Bankruptcy Code section 363(b)(1) allows a trustee, "after notice and a hearing, [to] sell ... property of the estate." (Ibid.) Moreover, section 363(f) permits the estate's property to be sold free and clear of any liens if one of five conditions is satisfied. (C.H.E.G., Inc. v. Millennium Bank (2002) 99 Cal.App.4th 505, 511; see also sec. 363(f).) Property may be sold free and clear of an entity's interests only if applicable nonbankruptcy law permits sale of the property free and clear of such interests; the entity consents; the property is to be sold for greater than the aggregate value of all liens on the property; the interest is in bona fide dispute; or the entity could be compelled to accept a money satisfaction of such interest. (sec. 363(f).) A trustee seeking to sell property free and clear of any liens under section 363(f) must do so by noticed motion to the lienholder. (Fed. Rules Bankr.Proc., rules 6004, 9014 (11 U.S.C.).)

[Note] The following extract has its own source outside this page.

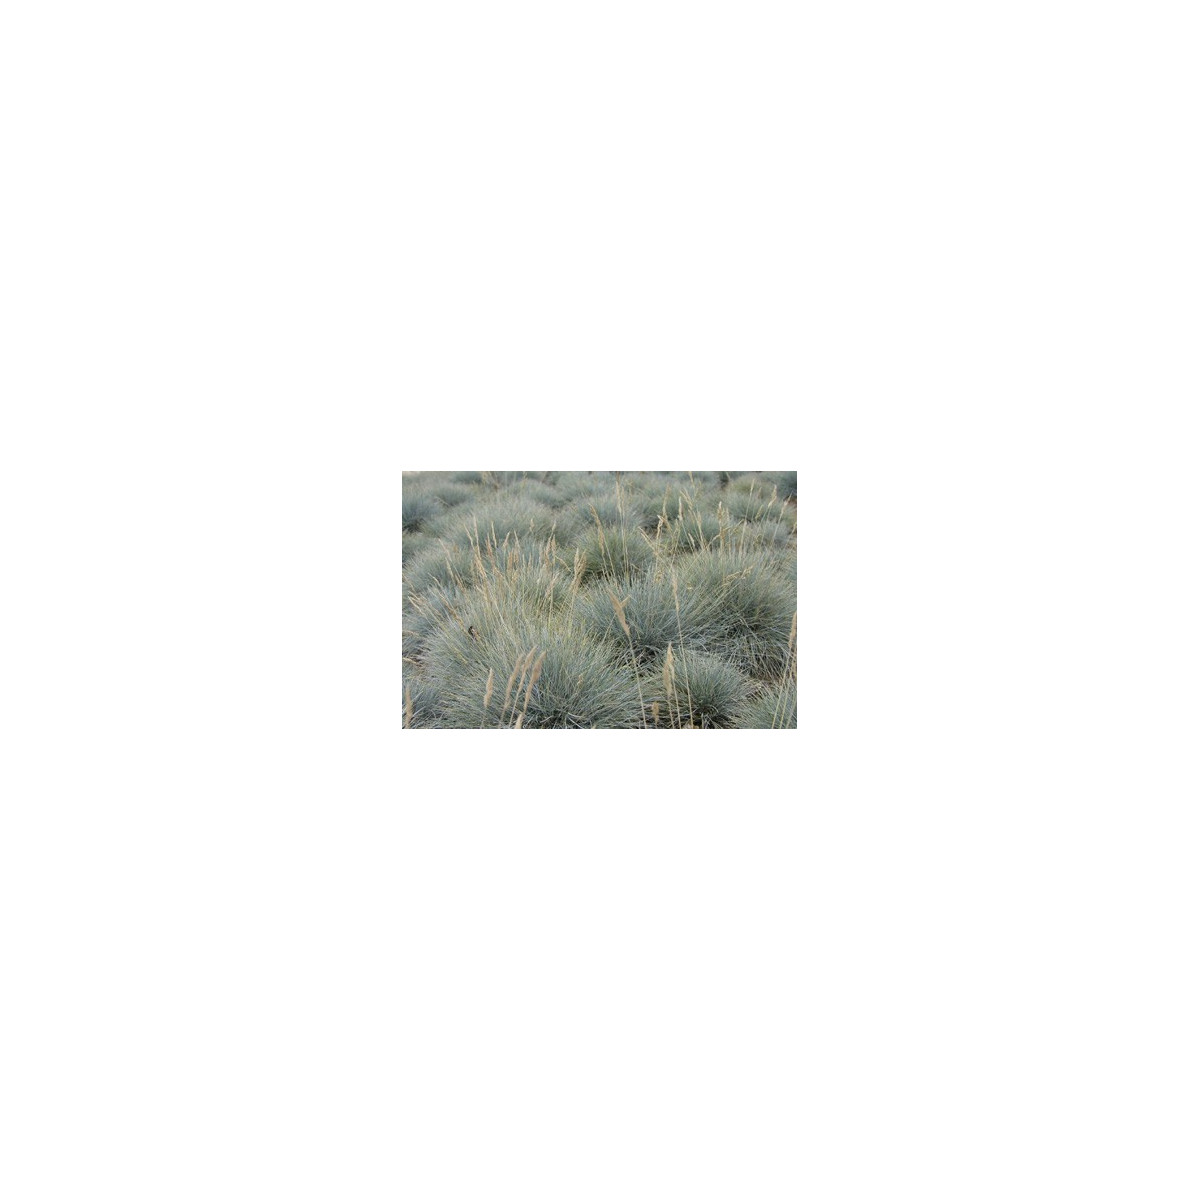 Okrasná tráva - Kostřava coxii - Festuca coxii - semena - 5 ks

*6 The trustee's motion did not seek to sell the estate's interest in the property "free and clear of any liens" under Bankruptcy Code section 363(f). Because section 363(f) and the bankruptcy rules require notice and an opportunity to be heard on the issue of the elimination of any liens, and section 363(f) requires satisfaction of a condition precedent for the sale to be free and clear of liens (that one of the five conditions of section 363(f) is satisfied), plainly the sale order was never contemplated to eliminate plaintiff's lien on the property.

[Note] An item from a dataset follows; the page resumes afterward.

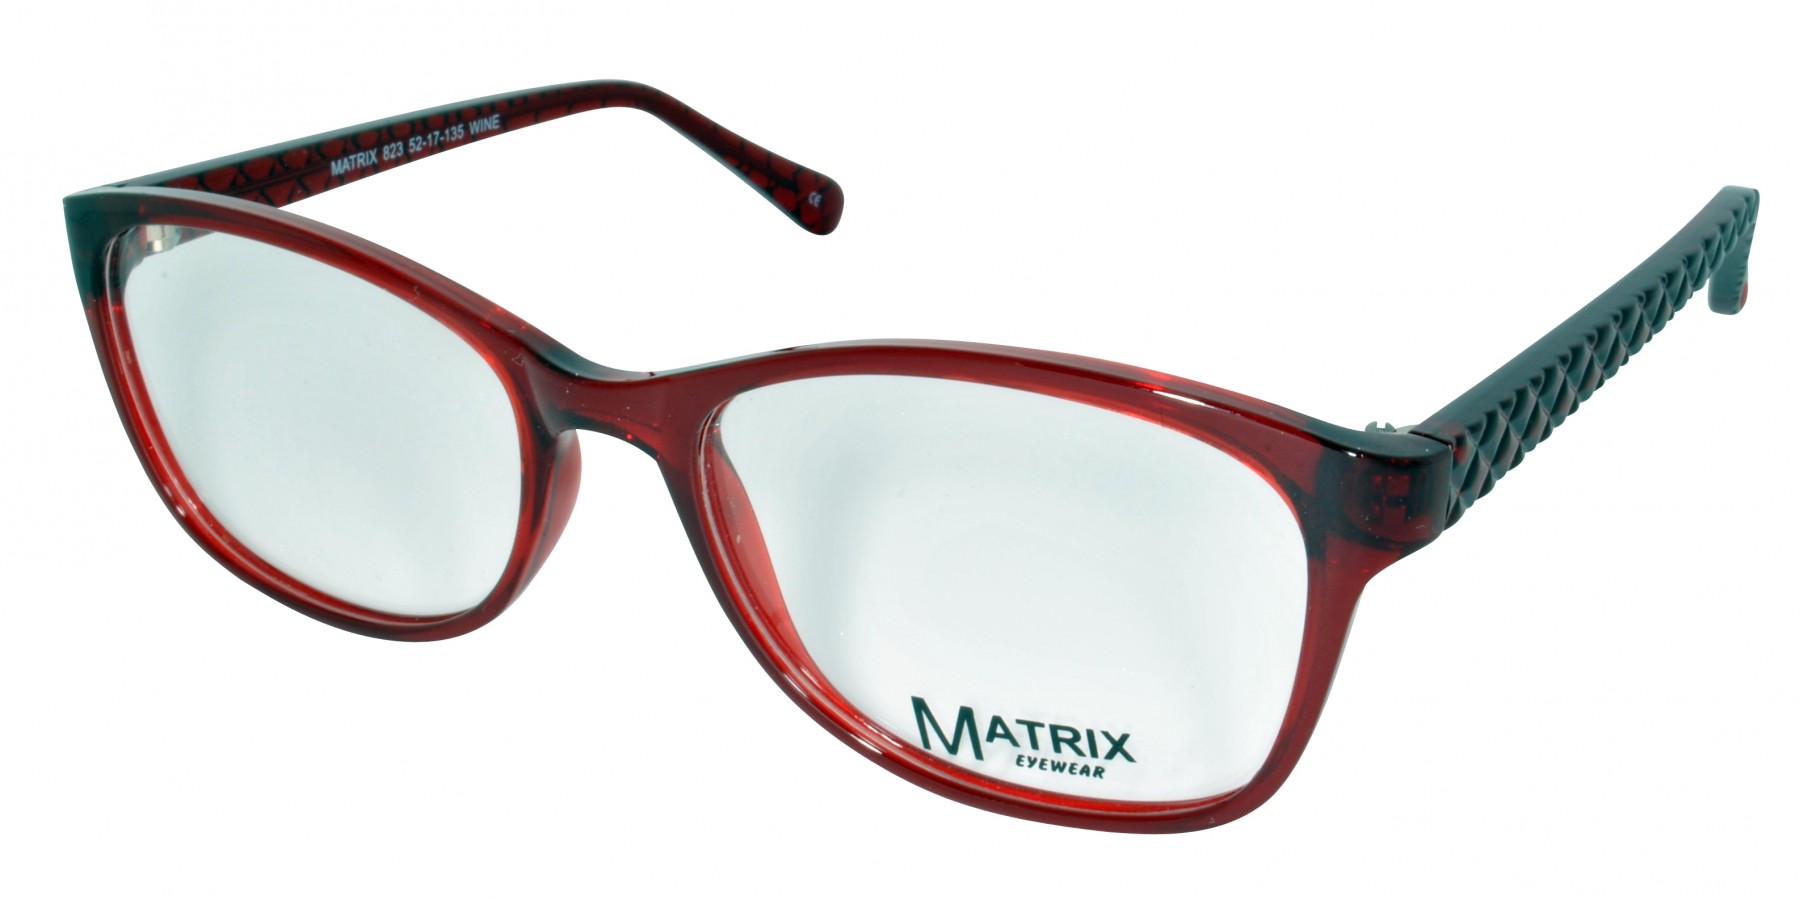 Matrix 823 Prescription Glasses

The order for the sale to be "free and clear of any and all liens and other interests of [plaintiff]" was meant to effectuate the sale of equity in the property, in other words, the value of the property in excess of all liens, encumbrances and exemptions. As is evident from the trustee's accounting, numerous creditor's claims were made in the bankruptcy, and these were to be paid, in order of priority, from the proceeds of the sale of the estate's portion of the equity.
The order of the bankruptcy court denying defendants discharge allowed plaintiff to pursue collection of its debt, because denial of discharge preserves the debtor's liability to creditors, and does not stop the administration of the case. (See 11 U.S.C. sec. 727.) Because defendants' debts were not discharged, and a judgment lien relates back to (and merges with) the filing of a writ of attachment, plaintiff's lien became effective in October 2002, when its writ of attachment was recorded. (See Code Civ. Proc., sec. 697.020; Diamond Heights Village Assn., Inc. v. Financial Freedom Senior Funding Corp. (2011) 196 Cal.App.4th 290, 302–303; see also Brun v. Evans (1925) 197 Cal. 439, 442–443.)
The order is reversed and the matter is remanded for further proceedings consistent with this opinion. Appellants are to recover their costs on appeal.
The dismissal is not part of the record on appeal. Nevertheless, we take judicial notice, on our own motion, of the order of dismissal, and of the other appeals by these parties. (Evid.Code, secs. 452, subd. (d), 459.) The first appeal was filed on June 25, 2003, but was stayed by defendants' bankruptcy on September 15, 2003. The stay was lifted on August 24, 2012. On September 19, 2012, the appeal was dismissed as abandoned, having been mooted by entry of judgment.
That appeal was originally filed in March 2006, but was also stayed because of defendants' bankruptcy. It was dismissed in April 2011, after the bankruptcy stay was lifted and defendants failed to file an opening brief.